Requirement
Beneath this line sits some data. Return only its lines from the one holding "Howard Technology Solutions" through the one holding "Pepe Jeans Spike", inclusive, exactly, with the images removed.

Material provided
- - - - - - -

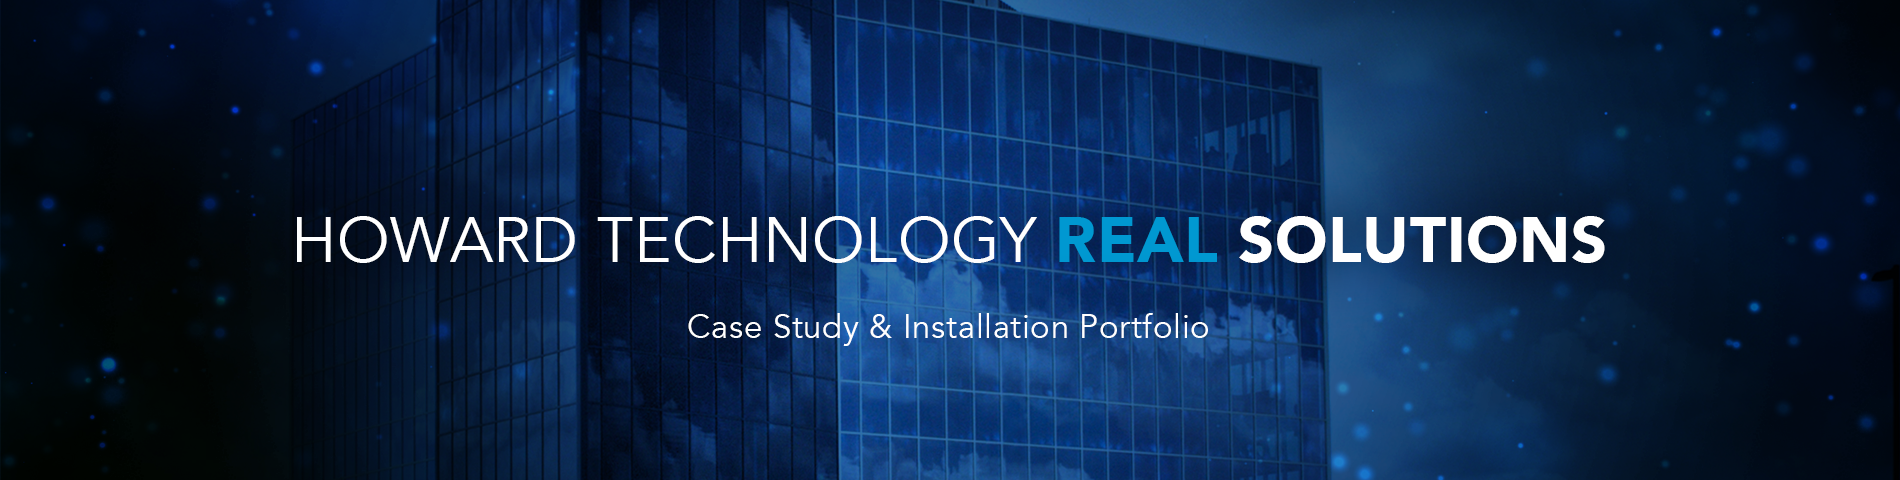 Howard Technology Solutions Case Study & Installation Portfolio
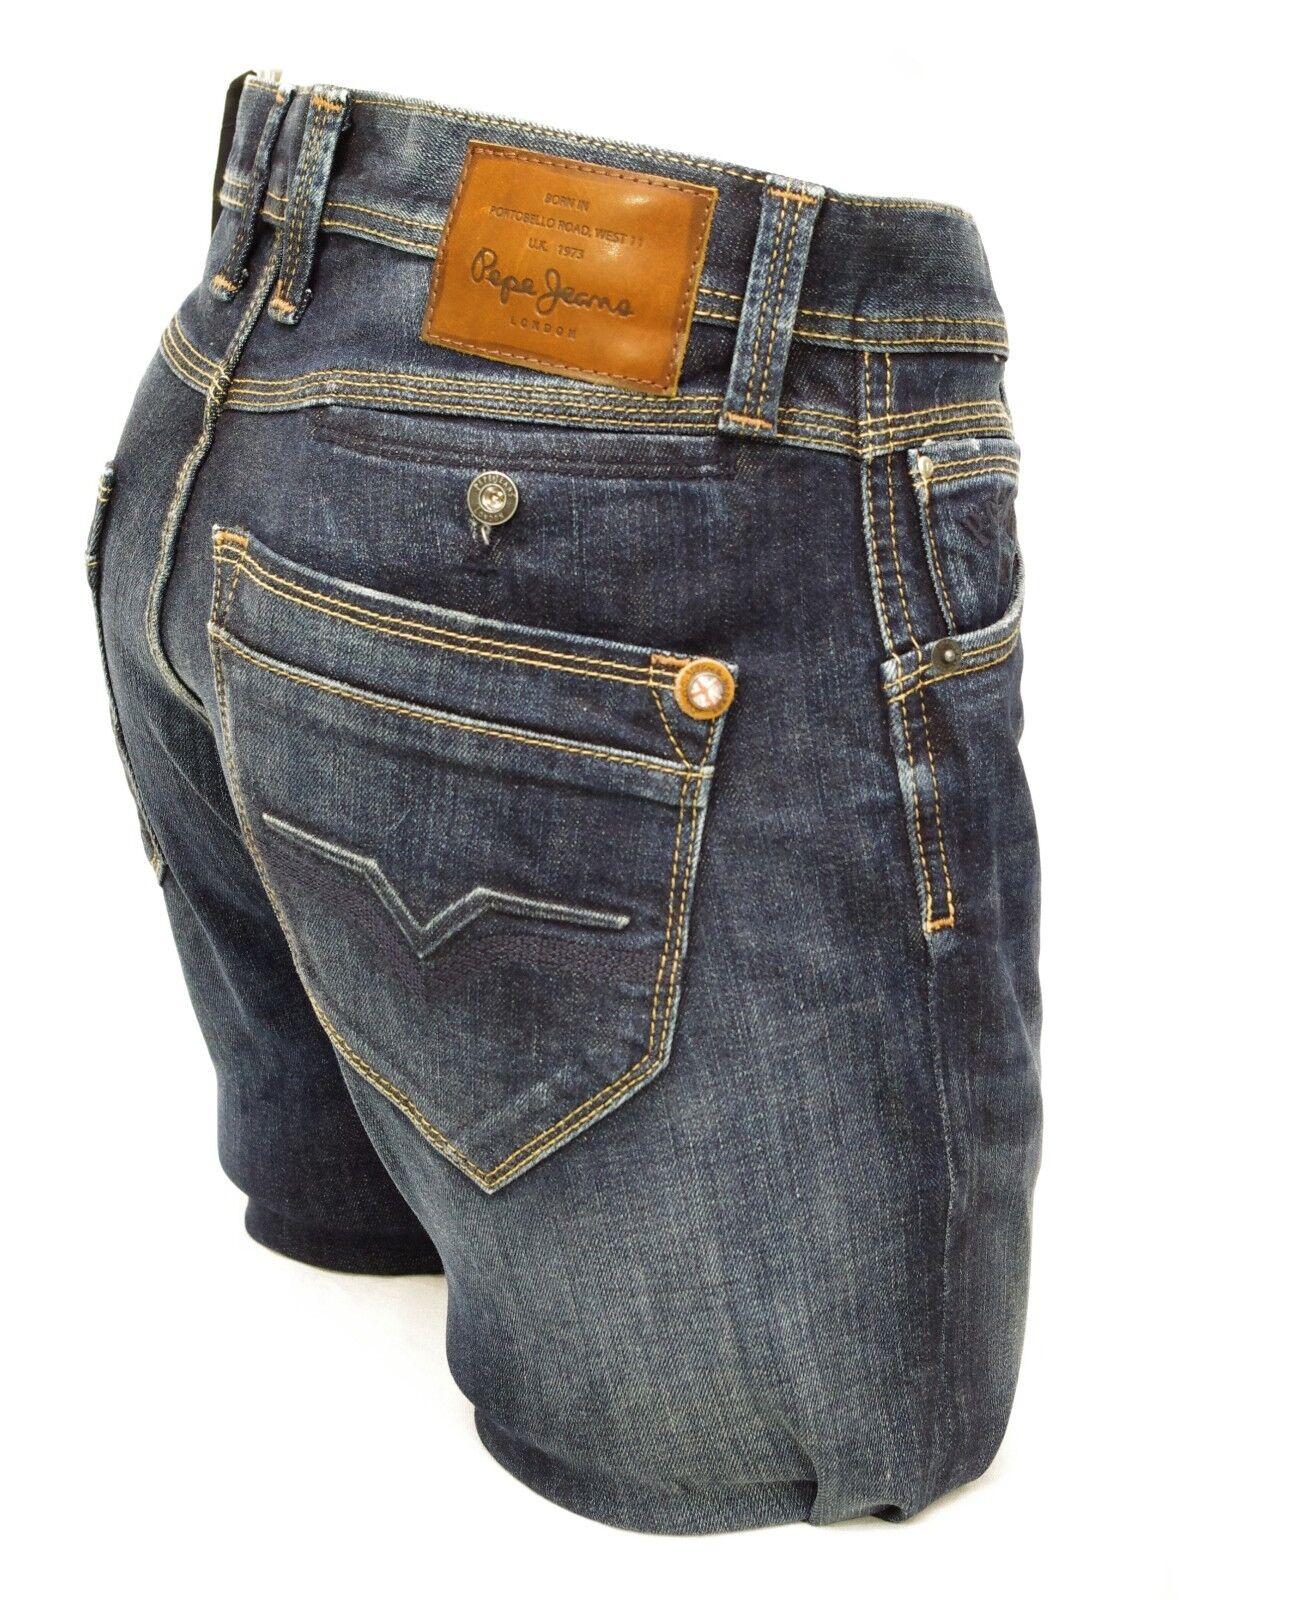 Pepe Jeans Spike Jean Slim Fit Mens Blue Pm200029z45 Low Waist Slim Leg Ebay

- - - - - - -

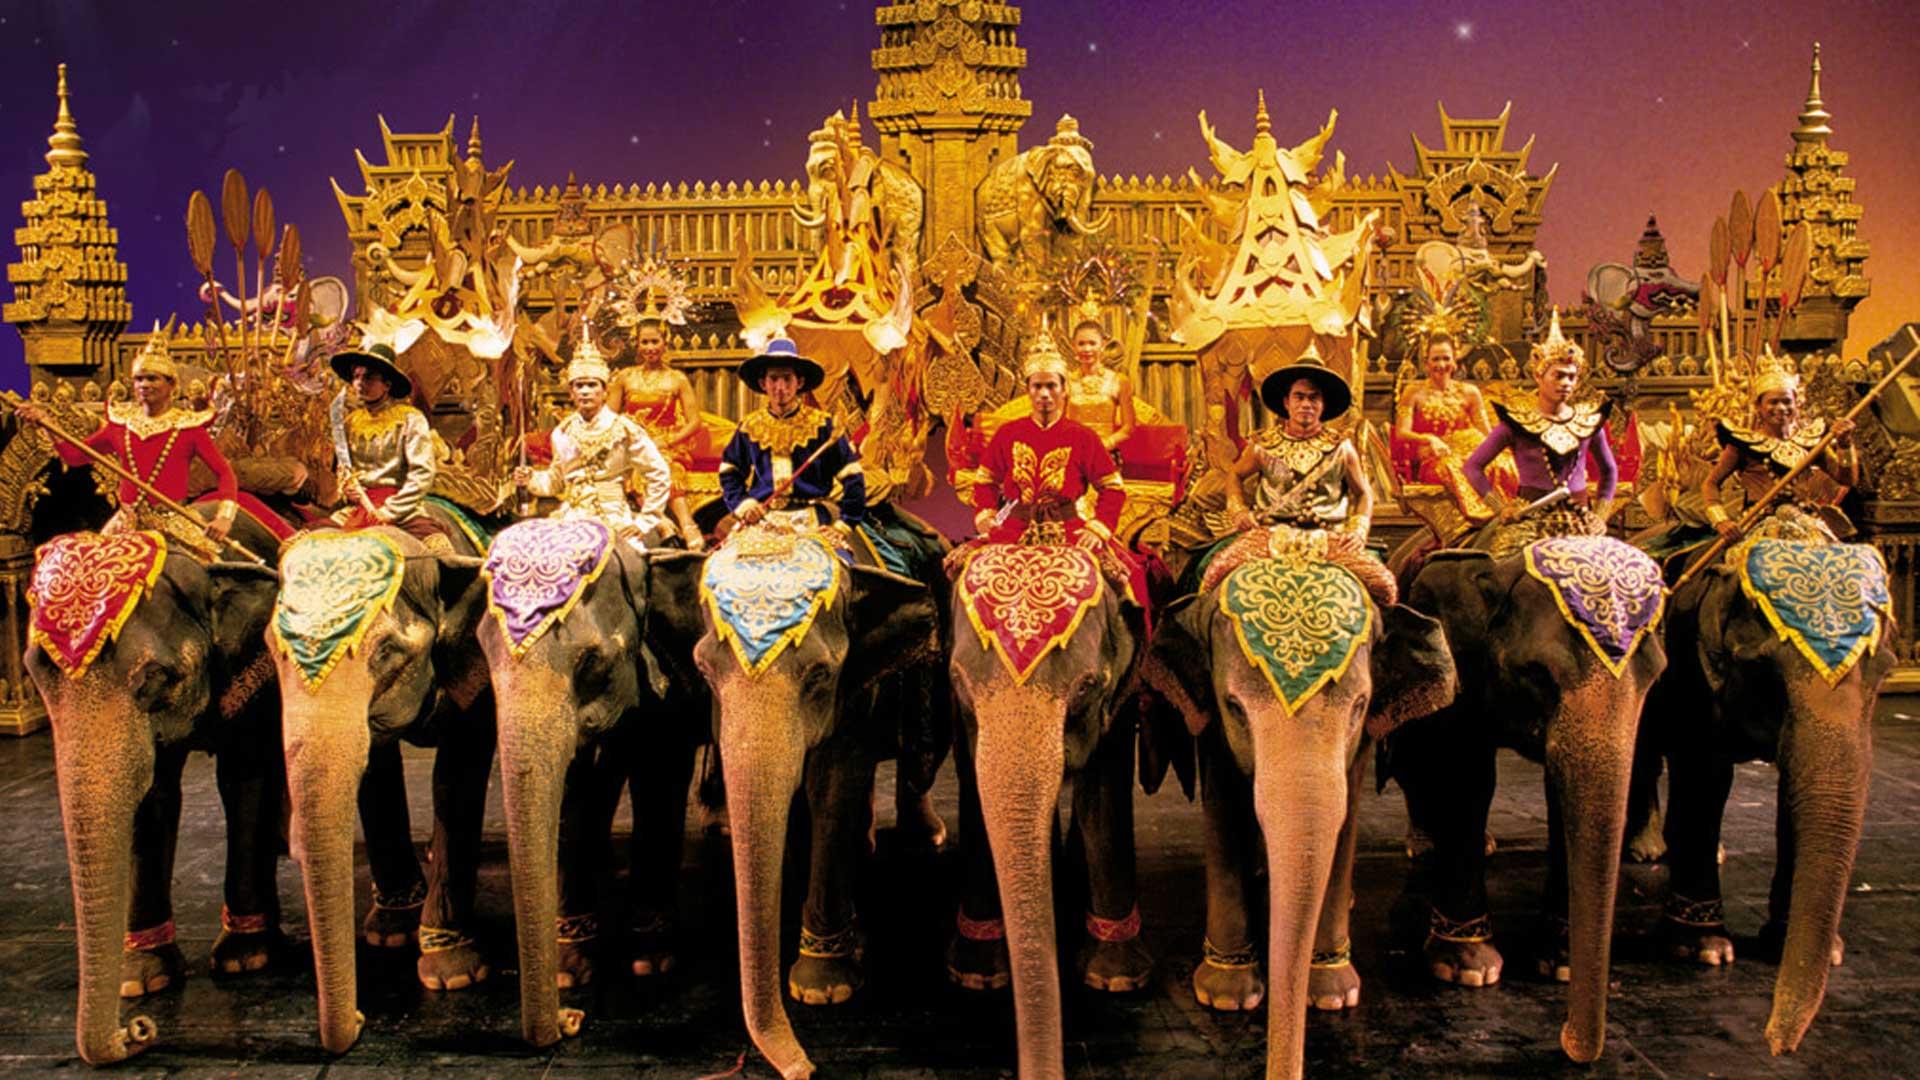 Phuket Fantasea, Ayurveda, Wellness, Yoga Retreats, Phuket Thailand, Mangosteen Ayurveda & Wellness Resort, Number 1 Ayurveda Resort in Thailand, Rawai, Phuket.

- - - - - - -

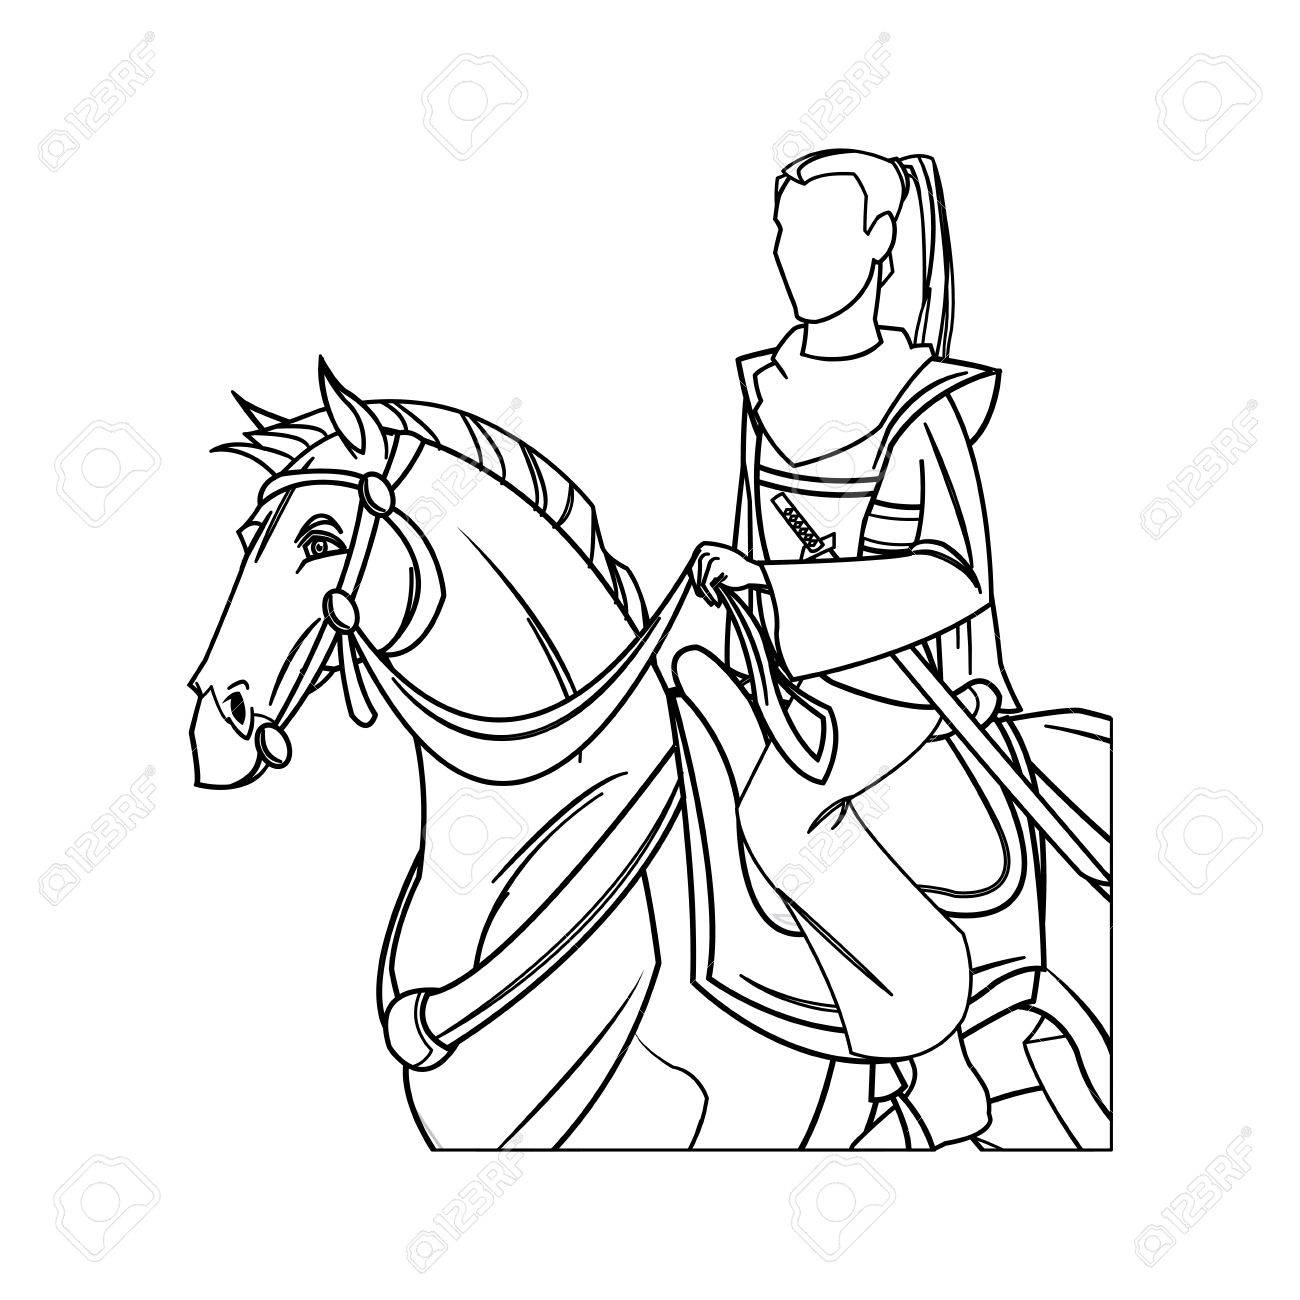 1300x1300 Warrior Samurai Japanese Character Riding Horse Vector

- - - - - - -

Response to the exercise
 Howard Technology Solutions Case Study & Installation Portfolio
 Pepe Jeans Spike Jean Slim Fit Mens Blue Pm200029z45 Low Waist Slim Leg Ebay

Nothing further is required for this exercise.